Let’s start with this premise: Subcompact cars are typically devoid of excitement. Yet they are still in demand. There’s a reason people buy them, most notably affordability, strong gas mileage, and easy to maneuver, which translates into a great commuter vehicle.
The 2015 Honda Fit is a four-door hatchback that made its American debut as a 2006 model. Pardon the pun, but it’s a great fit for college students or empty nesters looking to downsize.
The Fit, Honda’s entry-level vehicle, has a unique interior makeup that sets it apart from much of its competition. It has resourceful rear seats, which fold up flat to create a rather tall opening that can accommodate items that other subcompacts can’t haul.
Known as the “Magic Seat,” the Fit features a 60/40 split rear bench and provides 52.7 cubic feet of cargo space. And the front passenger seat folds flat as well, which provides an additional eight feet. There is also an underseat storage compartment, adding to the Fit’s versatility.
2015 Honda Fit
* Performance: 1.5-liter, four-cylinder, 130 horsepower;
* Mileage estimate: 29-37 mpg
* Estimate price: $15,560 to $19,925
* Warranty: 3 years/36,000 miles; drivetrain 5 years/60,000 miles; corrosion 5 years/unlimited; roadside assistance: 3years/36,000
The front seating is fairly standard for a subcompact, but in normal configuration the back seat provides solid room and comfort that is typically lacking in this class. Two adults can sit comfortably in the back seat.Honda did not introduce a 2014 model, deciding instead to focus on a remodel for the 2015 Fit.
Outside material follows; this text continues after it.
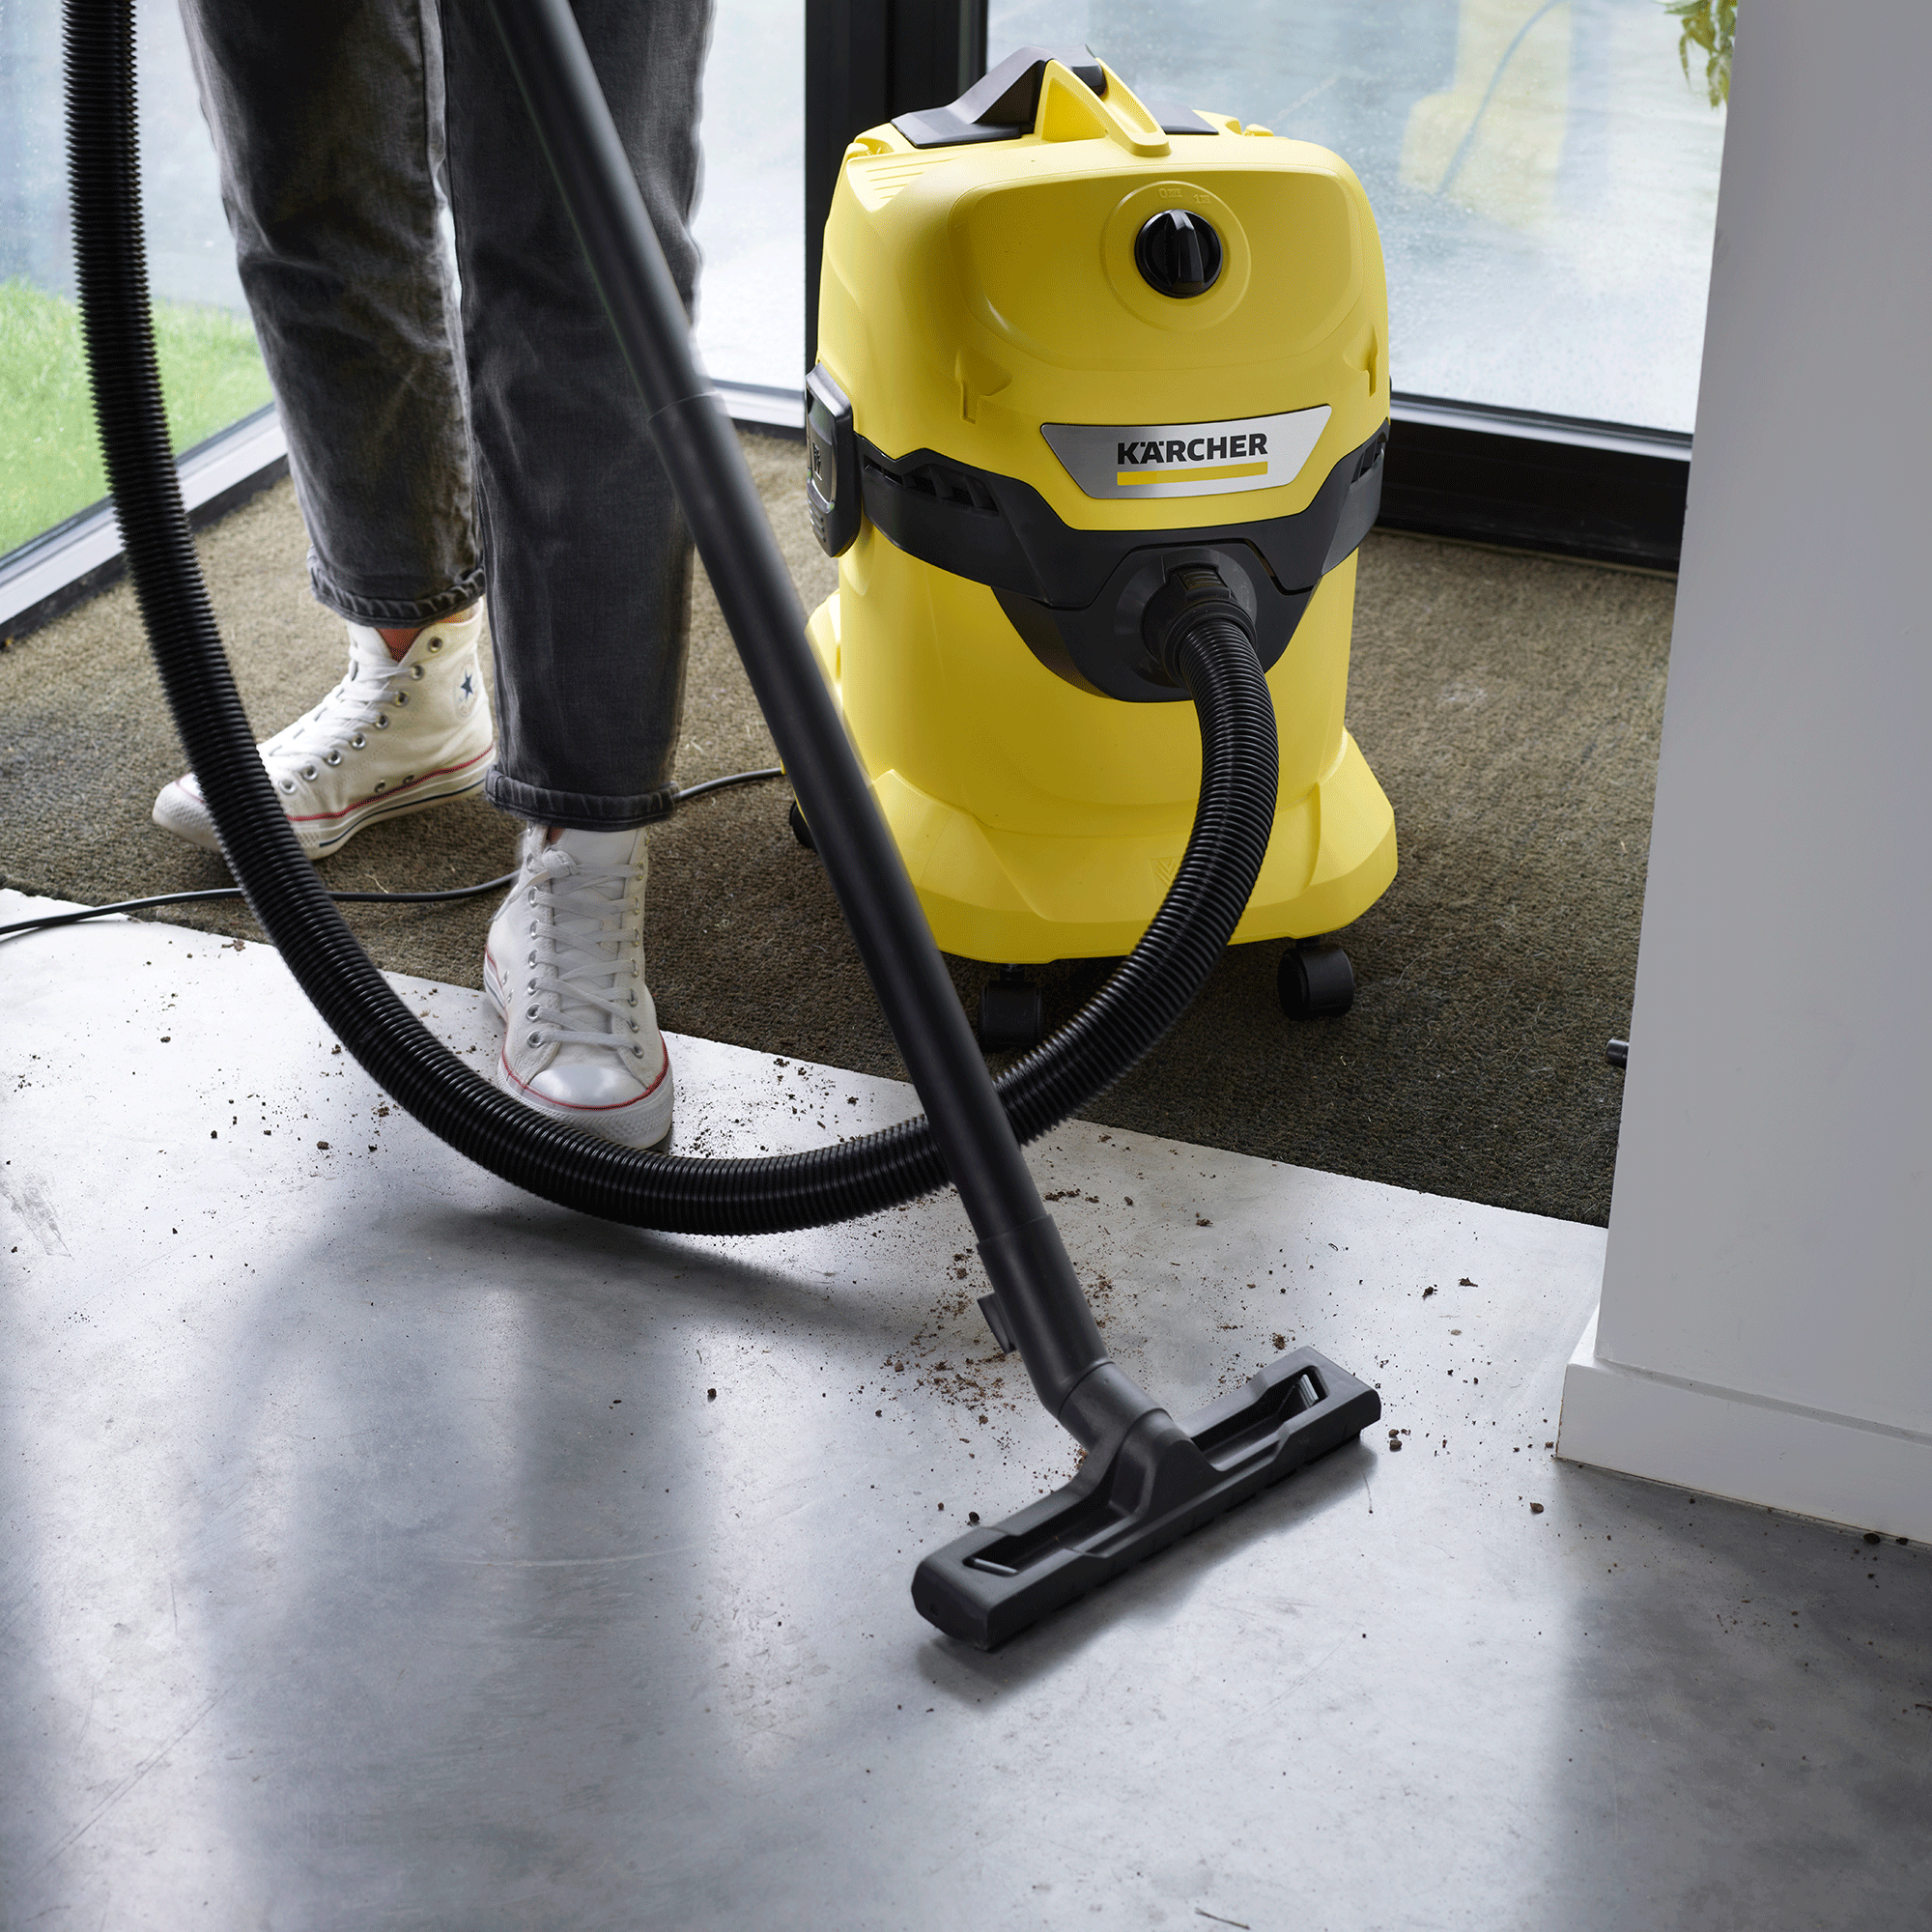 Kärcher wet and dry vacuum cleaner

From an exterior standpoint, the redesigned Fit no longer has its “bug-eyed” styling; it now looks more like a Honda Civic. The Fit has a wedge shape with a new grille and headlight design, plus LED taillights. While the overall length is a bit shorter, the wheels are set further apart.
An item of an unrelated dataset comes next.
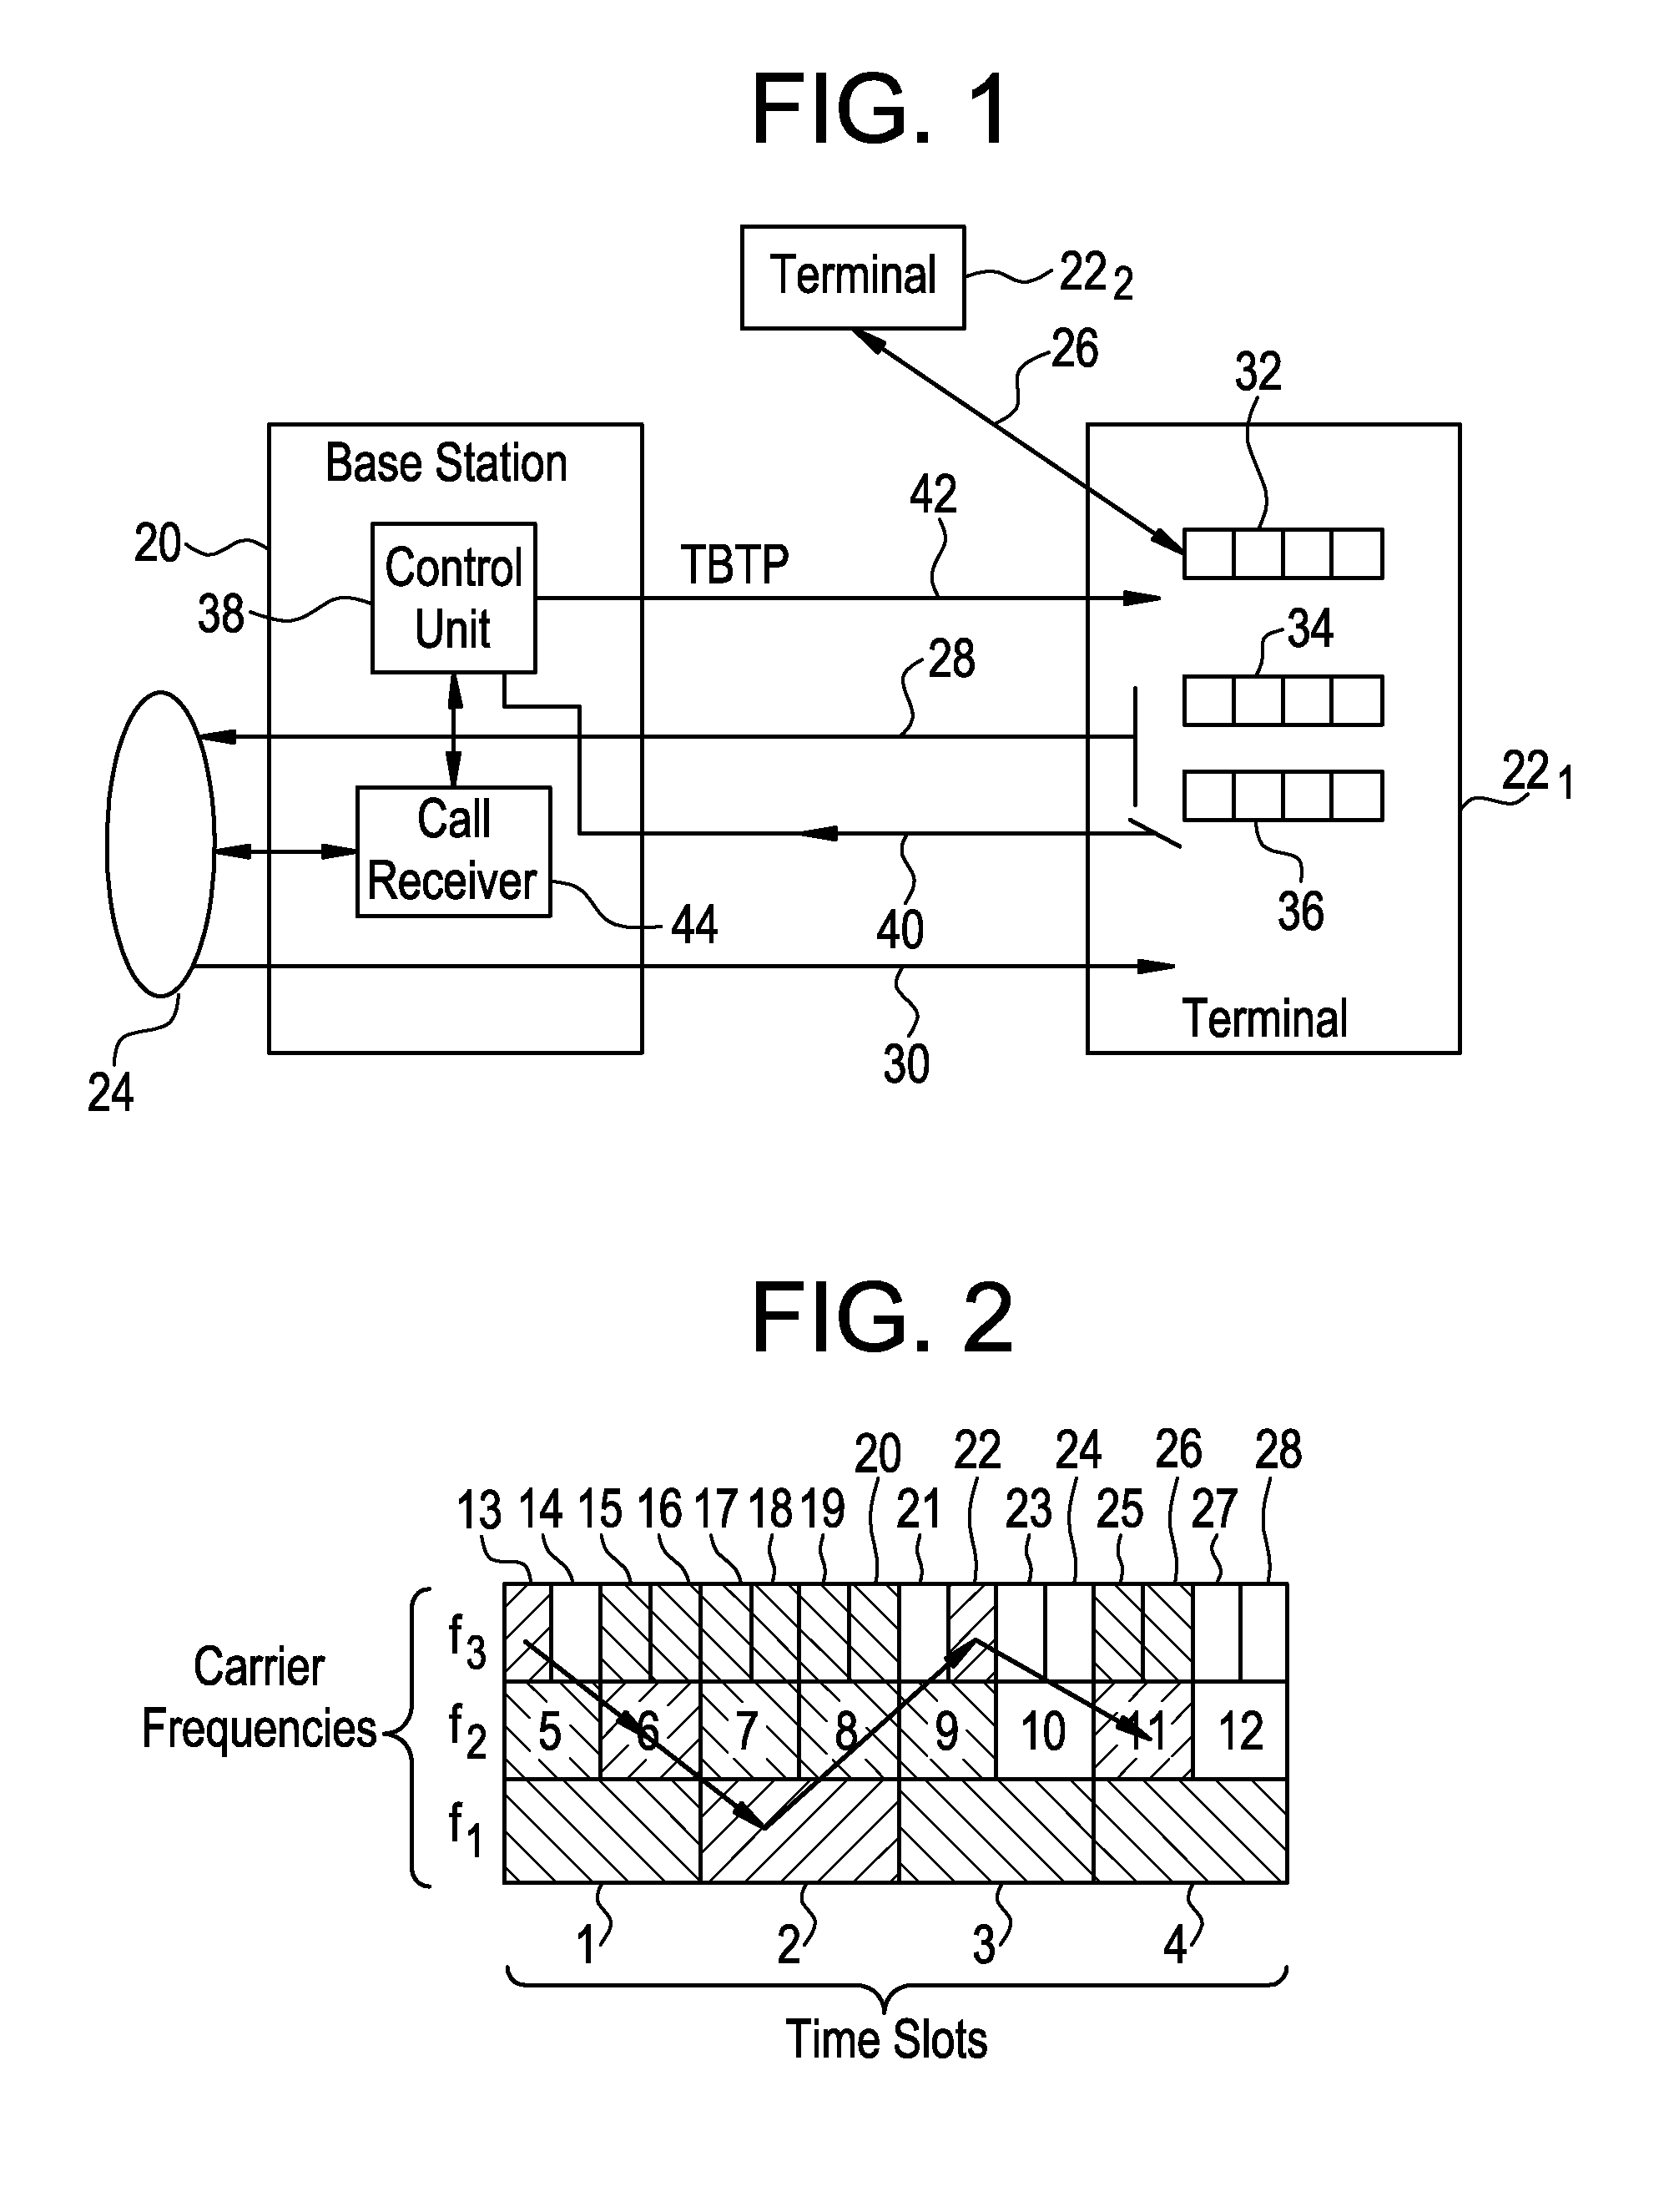 Method of allocating communication resources in an MF-TDMA telecommunication system

The Fit can’t be classified as a peppy ride, but it’s not sluggish, either. It features a 1.5-liter, four-cylinder that has increased its horsepower from 117 to 130 and torque from 106 to 114 pound-feet. Available in three trim models (LX, EX, EX-L), the EX-L version goes 0-60 mph in 8.8 seconds.
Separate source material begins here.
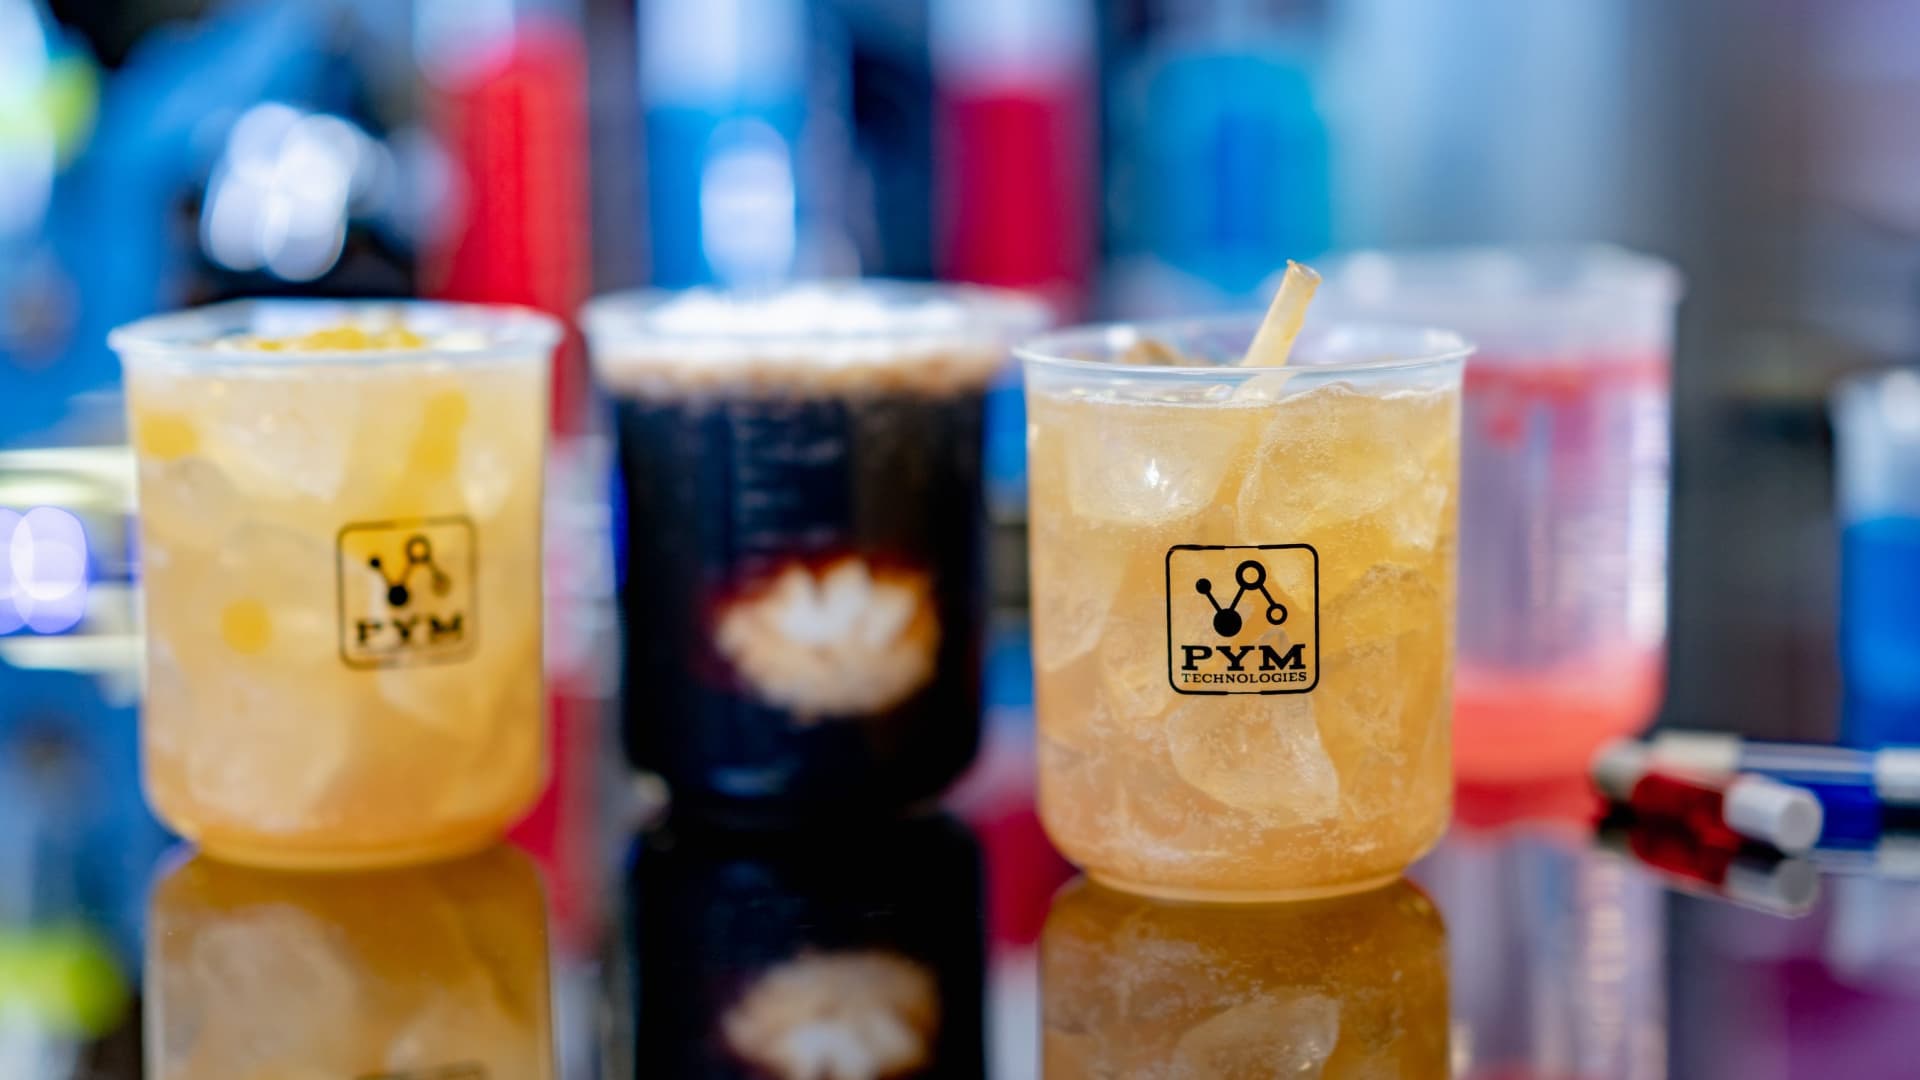 Pym Tasting Lab, adjacent to the Pym Test Kitchen in Avengers Campus at Disney California Adventure Park, features alcoholic drinks for adults, including: X-Periment, Molecular Meltdown, Honey Buzz and Particle Fizz.

A light-weight vehicle, the Fit comes with good steering and braking. Where it lacks is providing absorption over bumpy surfaces and the engine tends to whine at higher speeds, creating noise that can get annoying during longer trips.
Cost has always been a major plus for the Fit, and that hasn’t changed. This Honda starts at $15,560, but does rise to nearly $20,000 for the top-of-the line EX-L with Navi. Most trims have added a new standard continuously variable automatic transmission (CVT) that has hiked mileage to 29-37 mpg.
For entry-level car shoppers, the Fit is a must see and remains an attractive buy in the subcompact class. Its storage versatility, good gas mileage, and appealing price should continue to make this Honda a leading seller.